自然災害・パンデミックによる事業継続リスク
大規模地震・風水害等の自然災害やパンデミックが発生した場合、開示書類作成支援業務の停止・中断リスクがあり、顧客企業の意思決定・資金調達や資本市場の機能にも影響する可能性がある。また、株式会社シネ・フォーカスを中心としたイベント事業においてもイベント中止等の事業機会喪失リスクがある。対応策として、システムの冗長化、リモートワーク推進、他拠点への業務移管、時差出勤・交代制勤務・オフィス分散等の施策を実施している。
M&A・のれん減損リスク
事業領域拡張を目的としたM&Aにおいて、特にIT分野では売主の希望額が高騰するケースがあり、一時費用の増加等により業績に悪影響を及ぼす可能性がある。
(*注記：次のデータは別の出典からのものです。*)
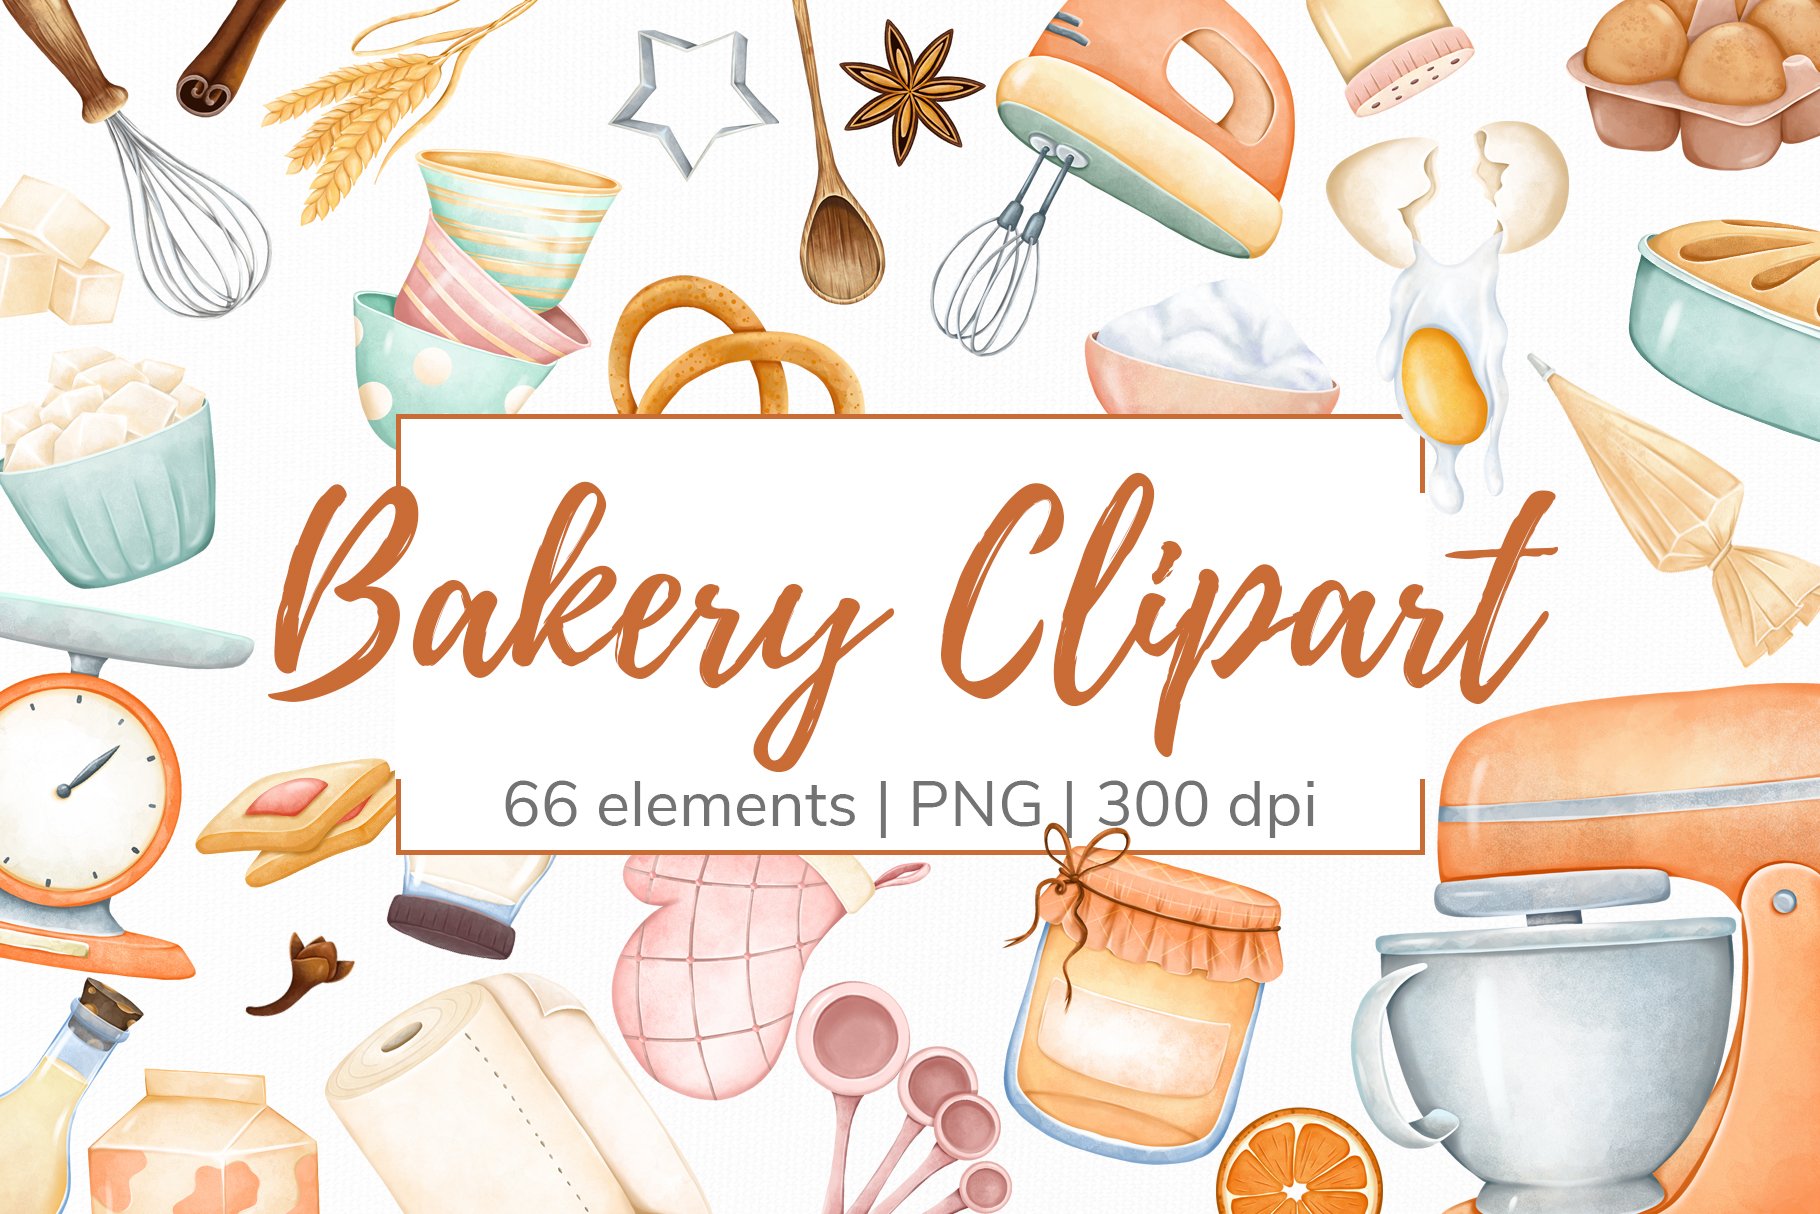 Cute baking digital clipart cover image.

また、当初見込んだ収益・投資回収が進まなかった場合や長期金利上昇によりのれん評価の割引率が上昇した場合、のれんの減損等によって業績に影響を与える可能性がある。事前の精査によりリスク・収益性・投資回収可能性を検討しているが、不確実性は残存する。
人財確保・育成リスク
受注量の増大や事業領域の拡大に対応するため人財の確保・育成が重要であり、特に「非印刷分野」を中心とした成長領域では専門的知識・経験を持つプロフェッショナル人財の確保が急務となっている。優秀な人財の獲得・育成が計画通りに進まなかった場合、長期的視点から事業展開・業績・成長見通しに影響を及ぼす可能性がある。対応策として、人事制度の見直しや社内教育制度の整備等に注力している。